Task objective
Quote the whole listing exactly. Leave the pictures out of your copy.

Given data
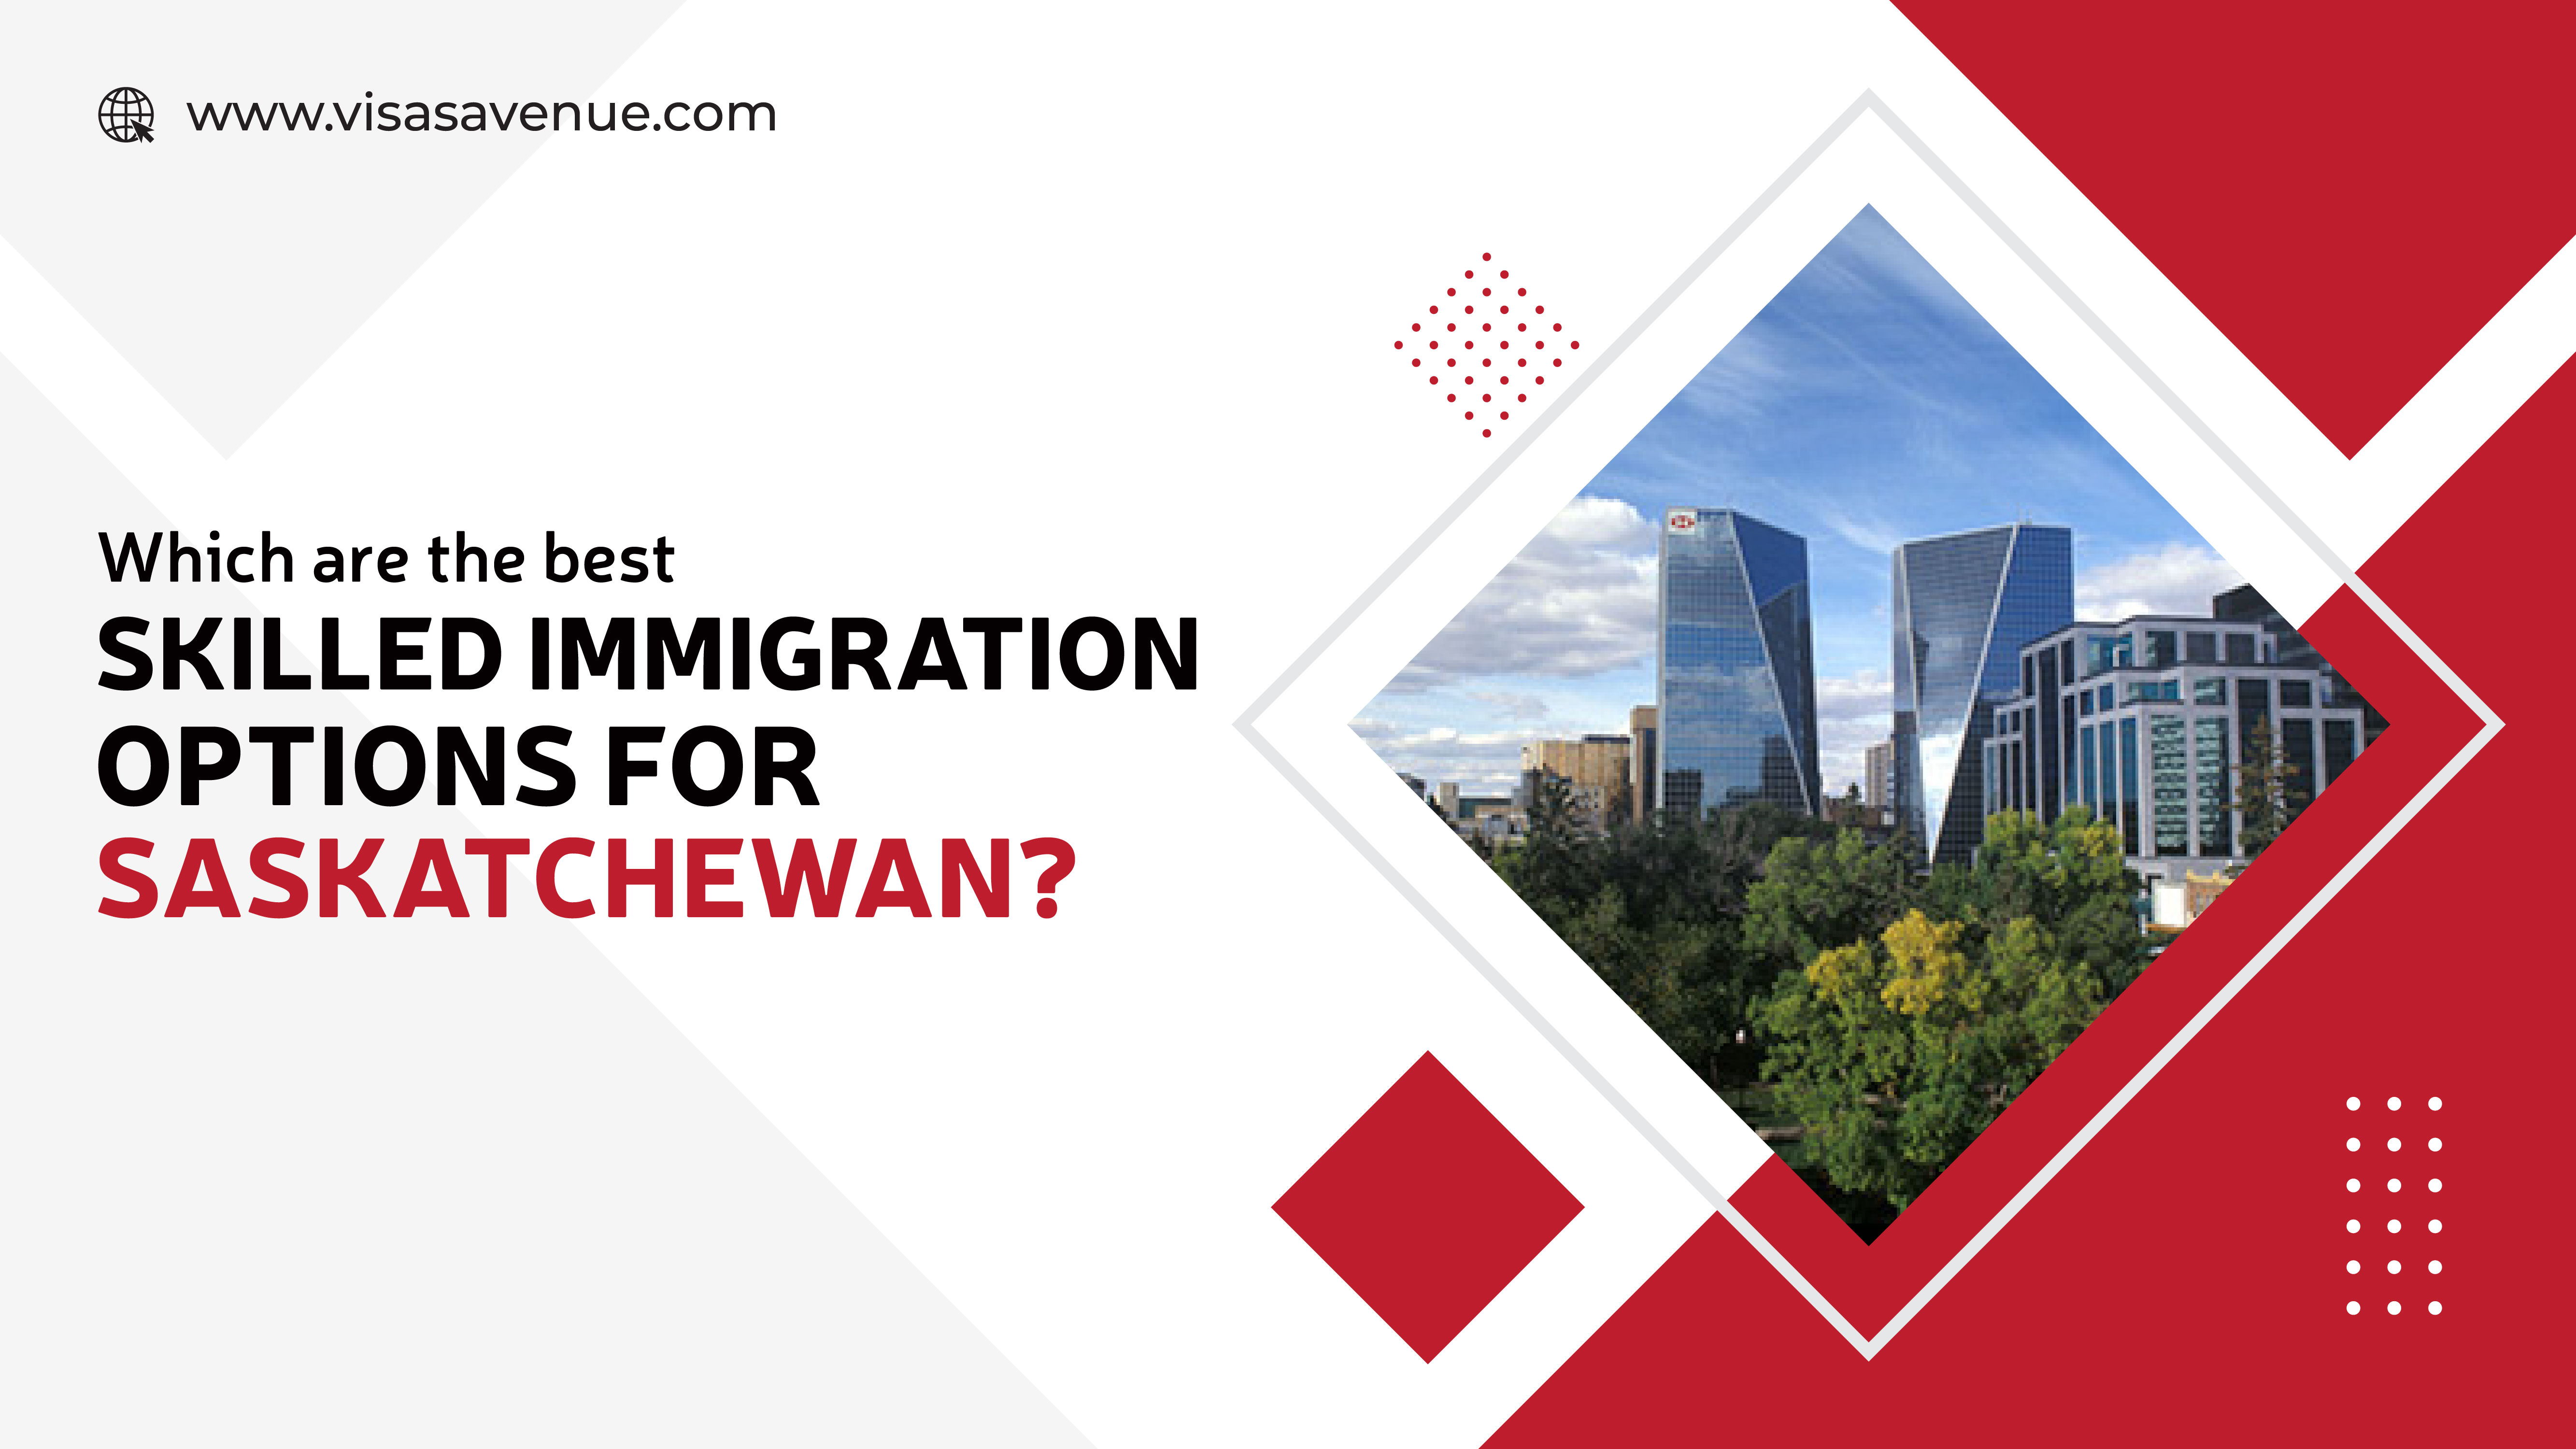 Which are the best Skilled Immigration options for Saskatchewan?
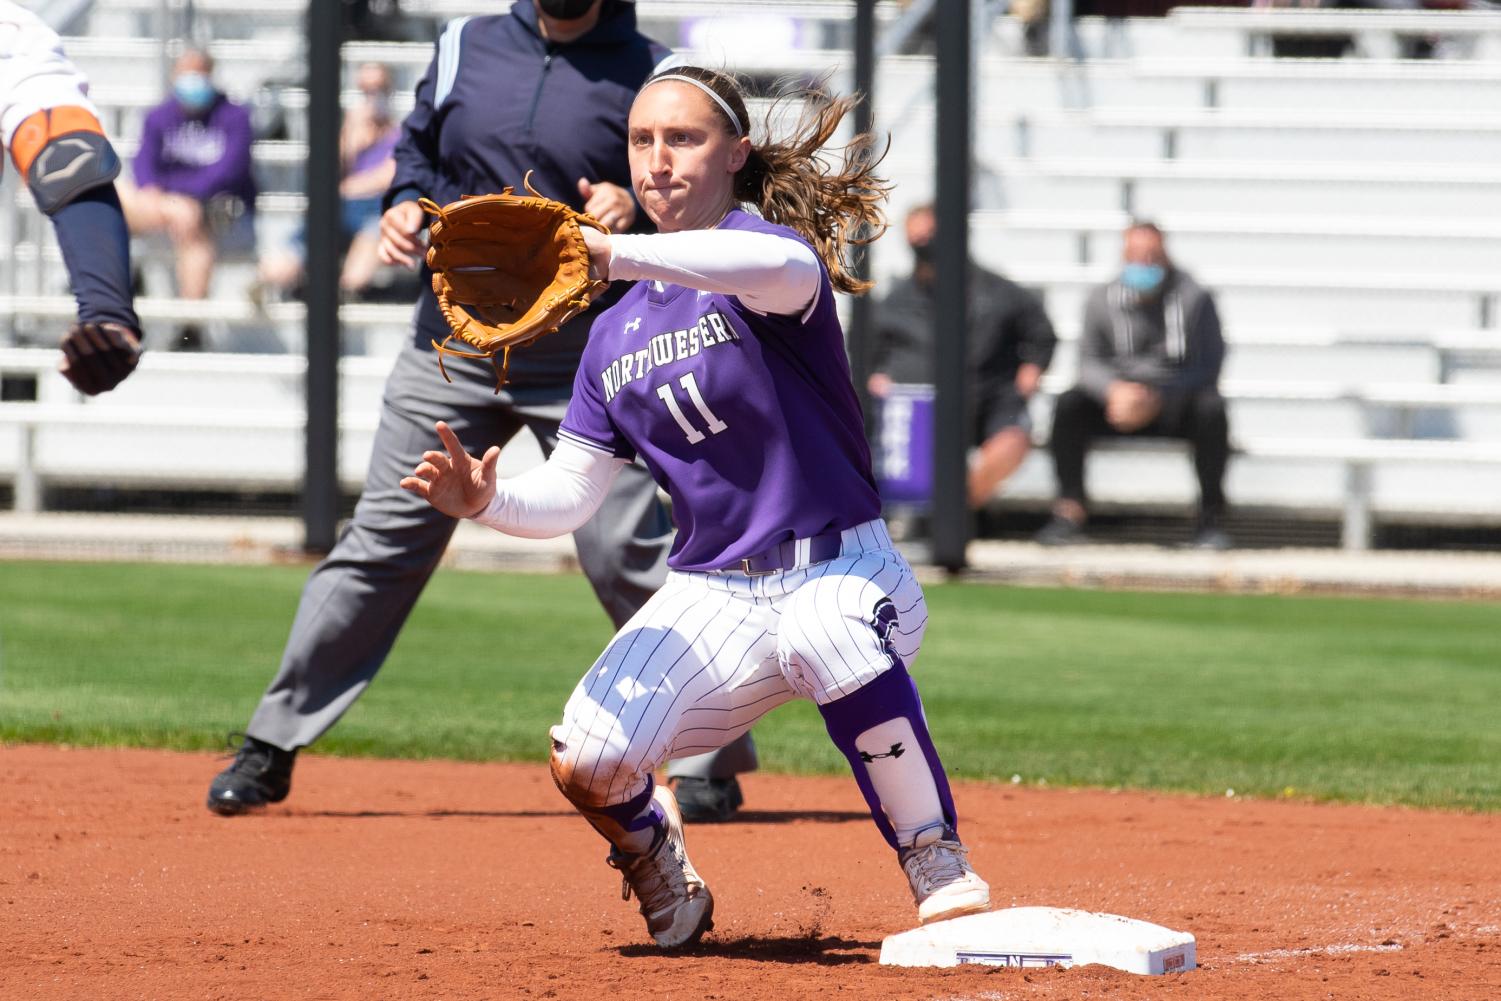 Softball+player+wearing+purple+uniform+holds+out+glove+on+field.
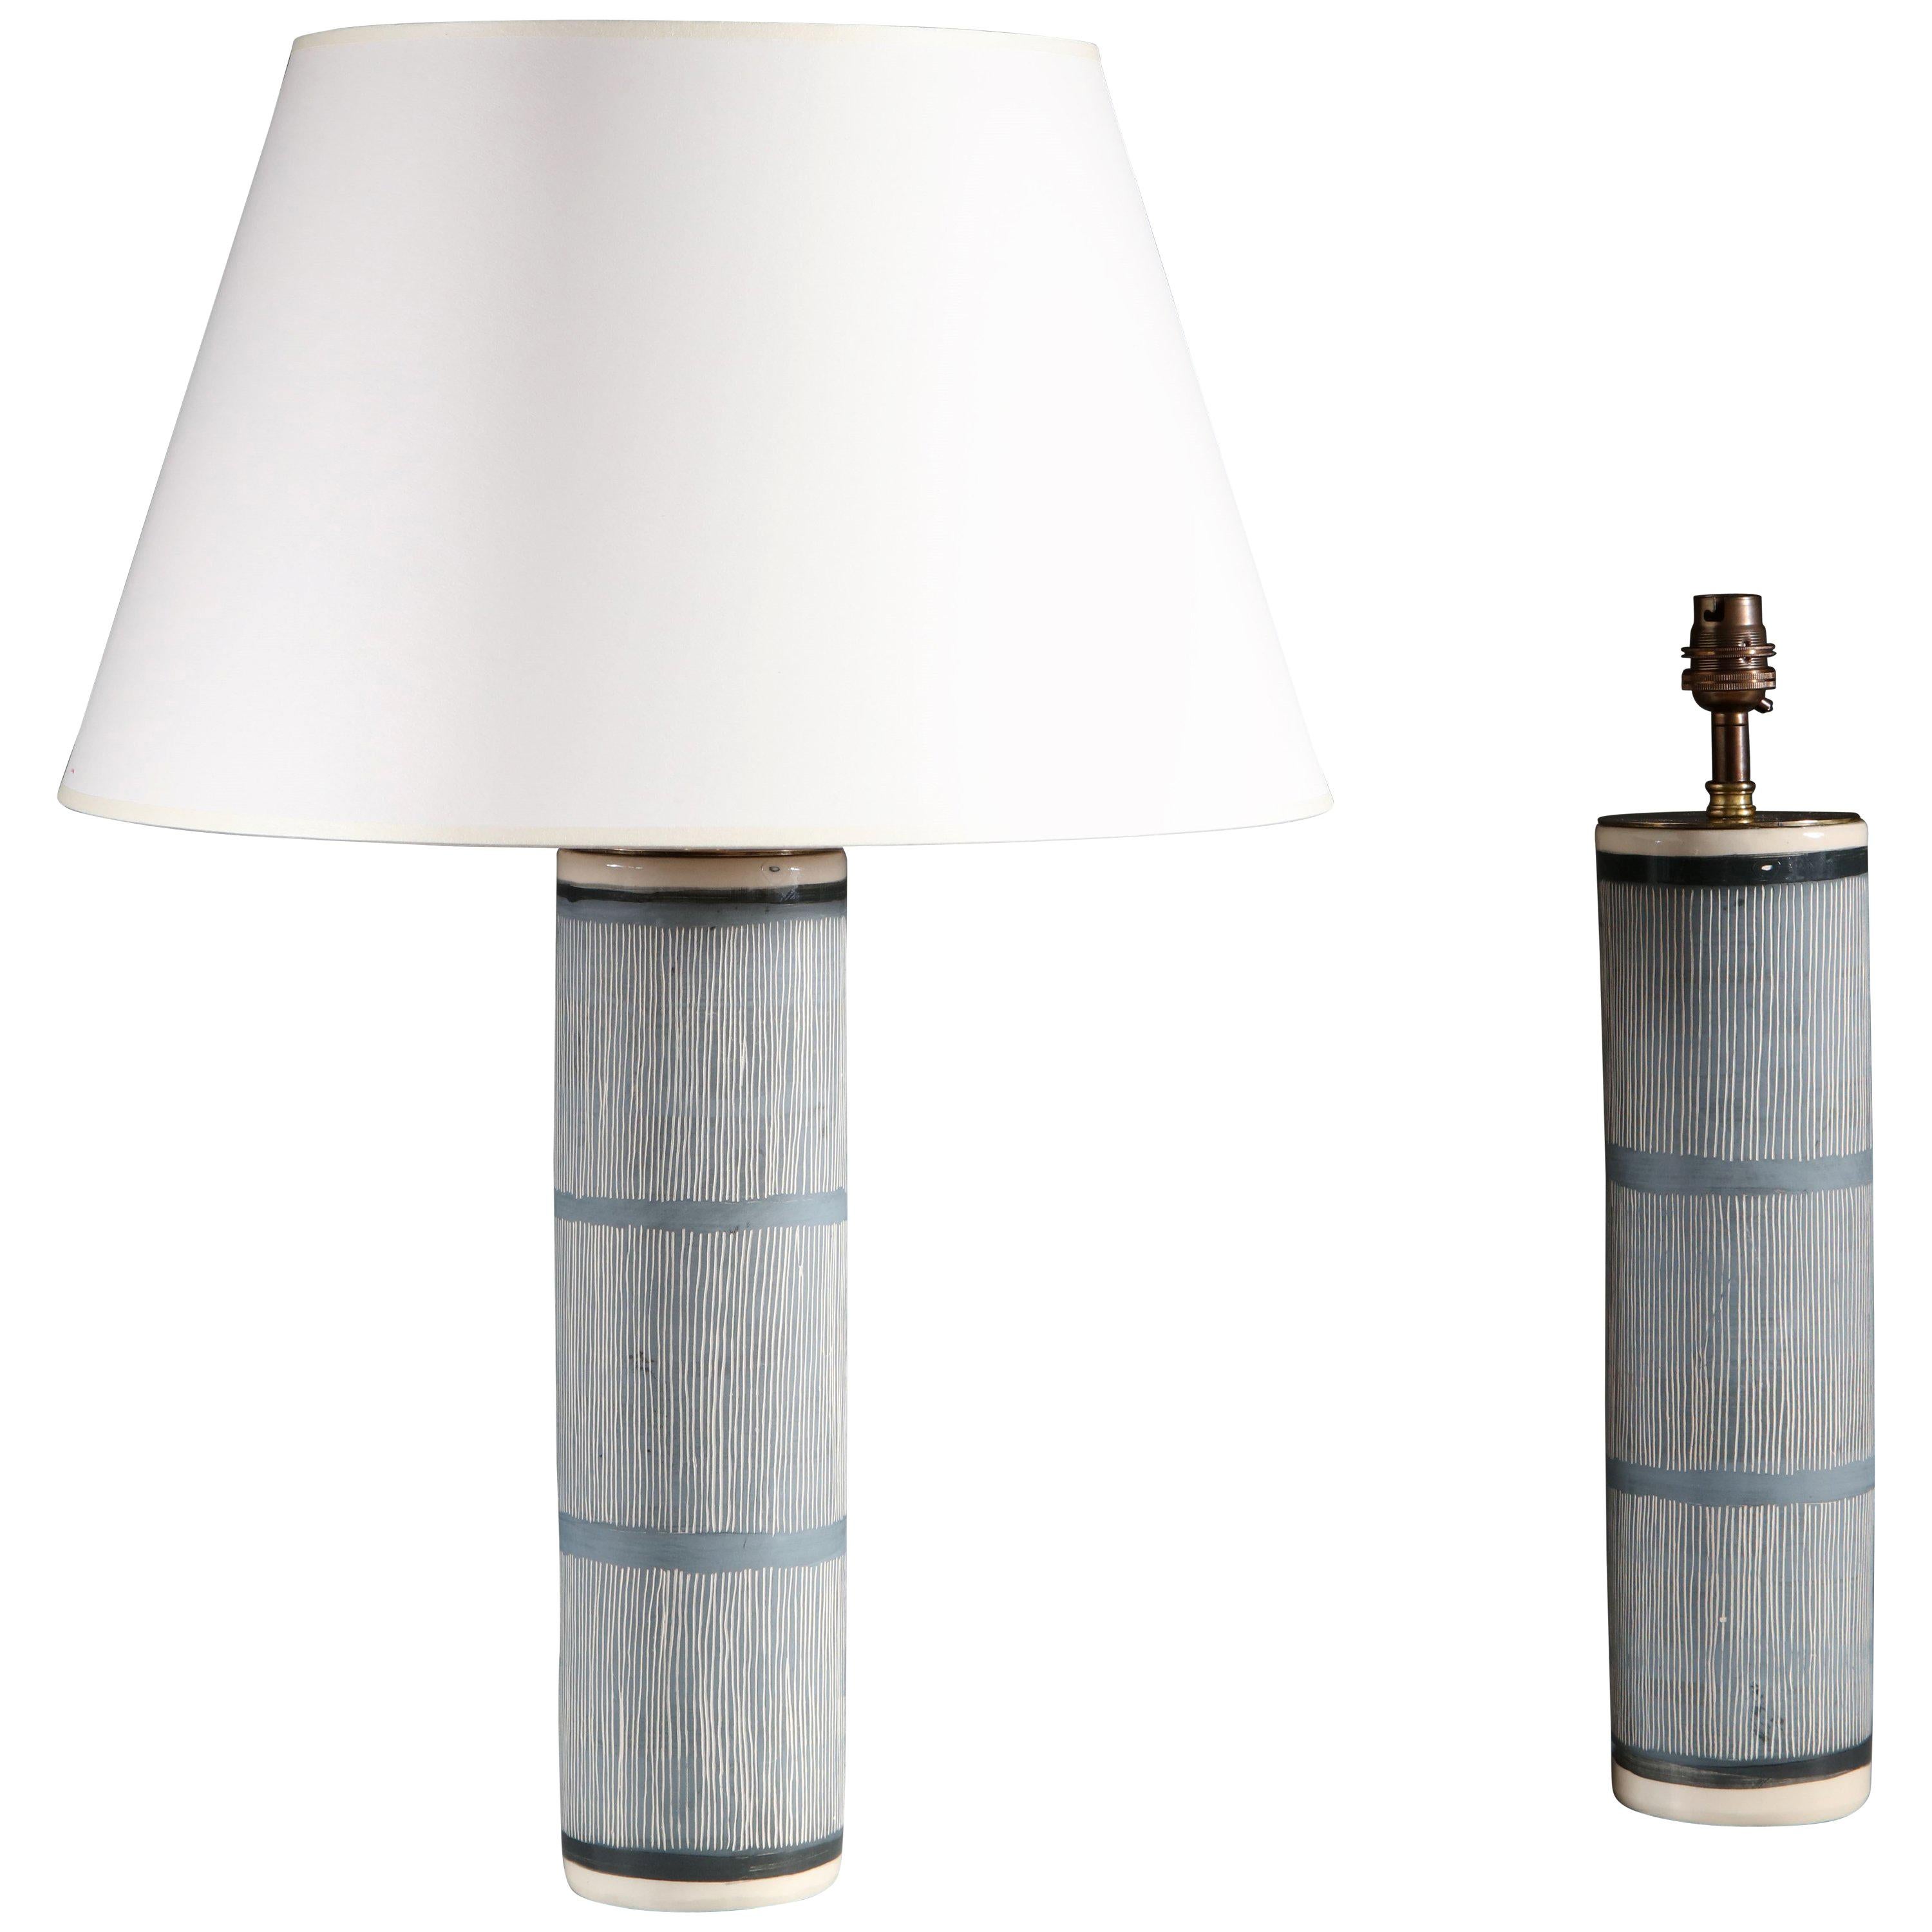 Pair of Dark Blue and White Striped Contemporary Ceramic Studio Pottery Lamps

Completed exercise
 Which are the best Skilled Immigration options for Saskatchewan?
 Softball+player+wearing+purple+uniform+holds+out+glove+on+field.
 Pair of Dark Blue and White Striped Contemporary Ceramic Studio Pottery Lamps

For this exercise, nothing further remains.